Englama and I. Jaju

1.0       Introduction

The critical role of monetary policy in macroeconomic management underscores the growing interest in investigations relating to how central banks react to business cycles and how such policies impact on the economy.  Following the seminal article of Taylor (1993), several empirical works have investigated  how central banks respond to price  and output developments,  with some studies (Romer, 2001 and Hsing, 2004) extending Taylor’s pioneer work to incorporate other peculiarities like exchange rate  dynamics in small open economy context. Other  studies (Raddat and Rigbon, 2003, Llaudes, 2007) have  also sought to ascertain the effects of central banks responses to business cycle on the economy, in attempts to investigate their optimality, effectiveness and channels of transmissions.

2.0 Research Problem/Question

Empirical works on central banks policies on the economies of the West African Monetary Zone (WAMZ)  however, remain limited. In the contest  of  WAMZ  Member States’ inability to attain and/or maintain all the convergence criteria for WAMZ monetary integration and the growing concern regarding high domestic interest rates, low growth recorded by some WAMZ economies at both aggregate and sectoral levels and the vulnerability of the zone to external shocks, many continue to ask the following questions: How does the central bank policy respond to economic fluctuations and shocks; what are the effects of monetary  policy on domestic prices, output and exchange rate; how does monetary policy react to fiscal policy among others.

3.0  Objectives of the study

In view of these concerns , the broad objective of the study is to investigate how central banks react to shocks and fluctuations in the economy and how such monetary policy shocks in turn impact on the economy. Specifically, the paper seeks to investigate how WAMZ central banks react to fluctuations in output, inflation, exchange rate and fiscal policy and how WAMZ monetary policies   in turn, affect domestic prices, output , exchange rate and fiscal policy.

4.0  Methodology

The study will use Structural Vector Autoregressive Model (SVAR) to achieve the objectives of the study.
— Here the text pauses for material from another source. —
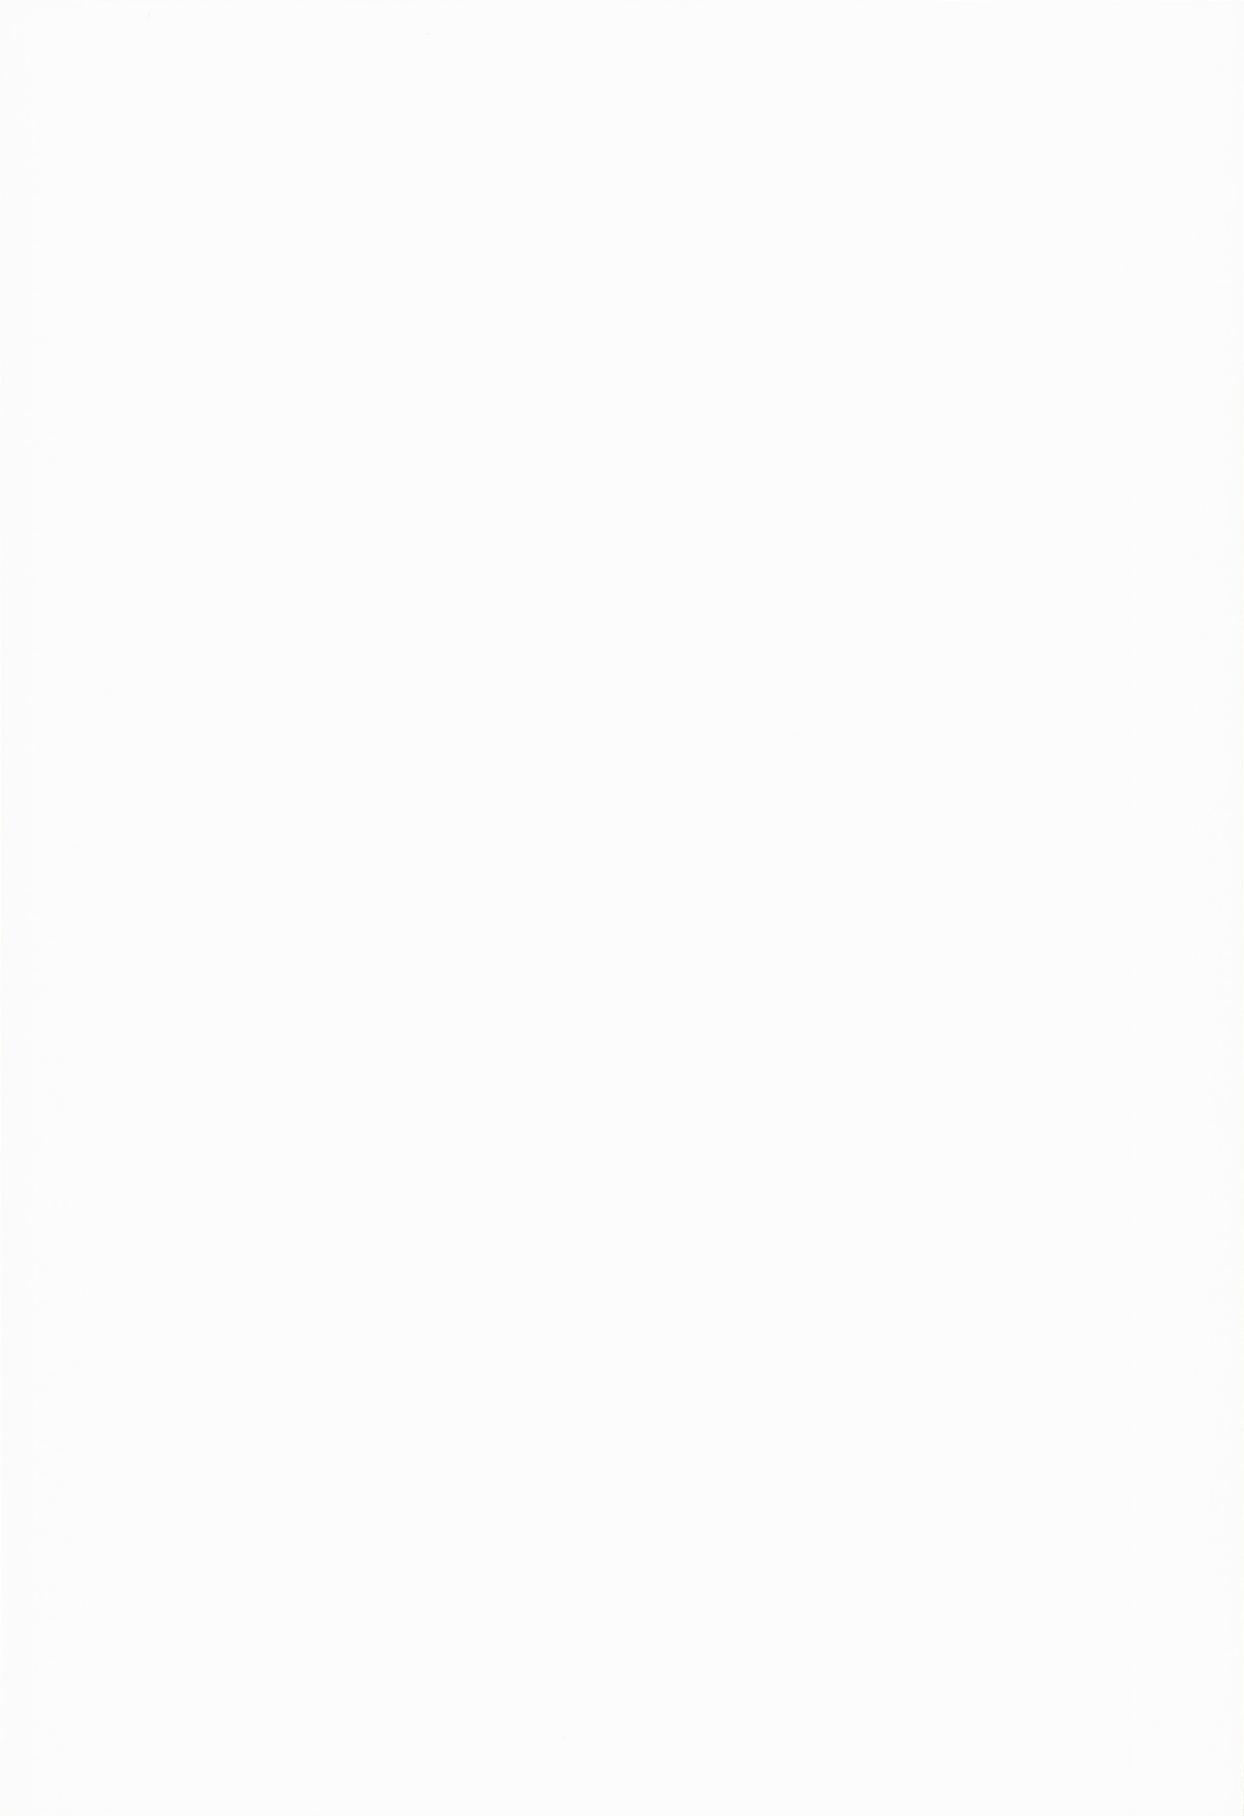 (COMIC1☆8) [Hisagoya (Momio,Miyamoto Issa,Shoukaki)] Gakuen wo Sukutta Kimo-ota Kishi sama ga Bisyoujo Ryu-musume to Ecchi na Koto suru Hon (Rage of Bahamut) 26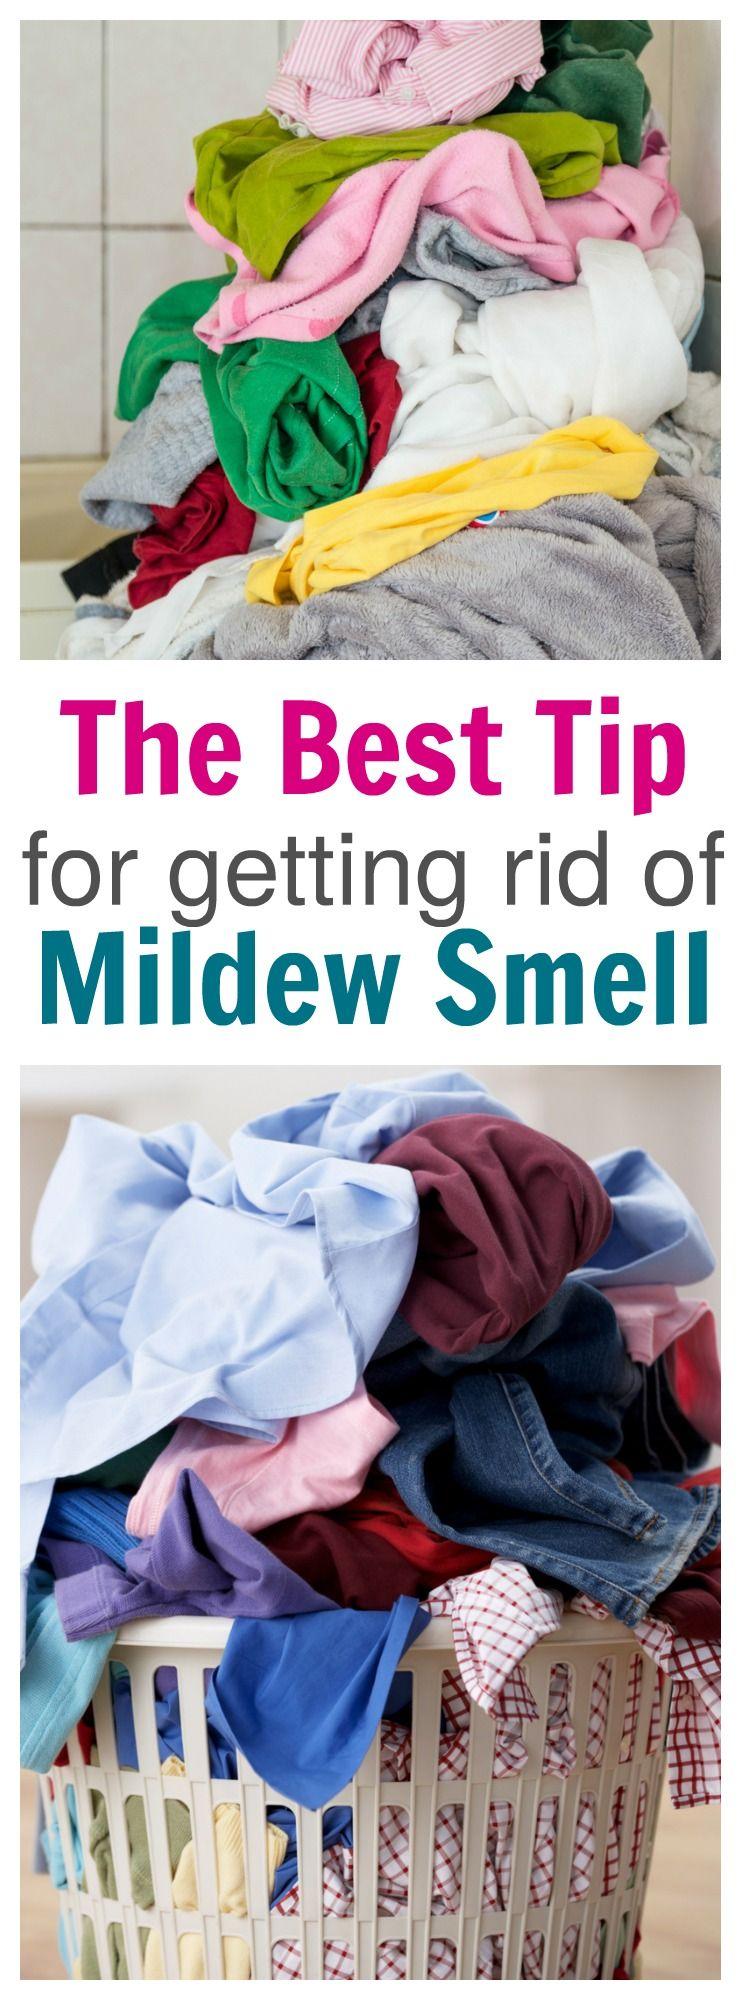 b2d99f4d0478f933dc25af2ebff90430 - How To Get Rid Of Mildew Smell In Hotel Room

The use of SVAR model in the study is to enable us incorporate structural characteristic of the economy or impose restrictions on the responses of variables on each other based on the underlying VAR so as to give the impulse response functions and the variance decomposition a more “causal” meaning.

5.0       Expected Outcome

The findings of the study are expected to contribute to effective monetary policy formulation, implementation and coordination with other policies.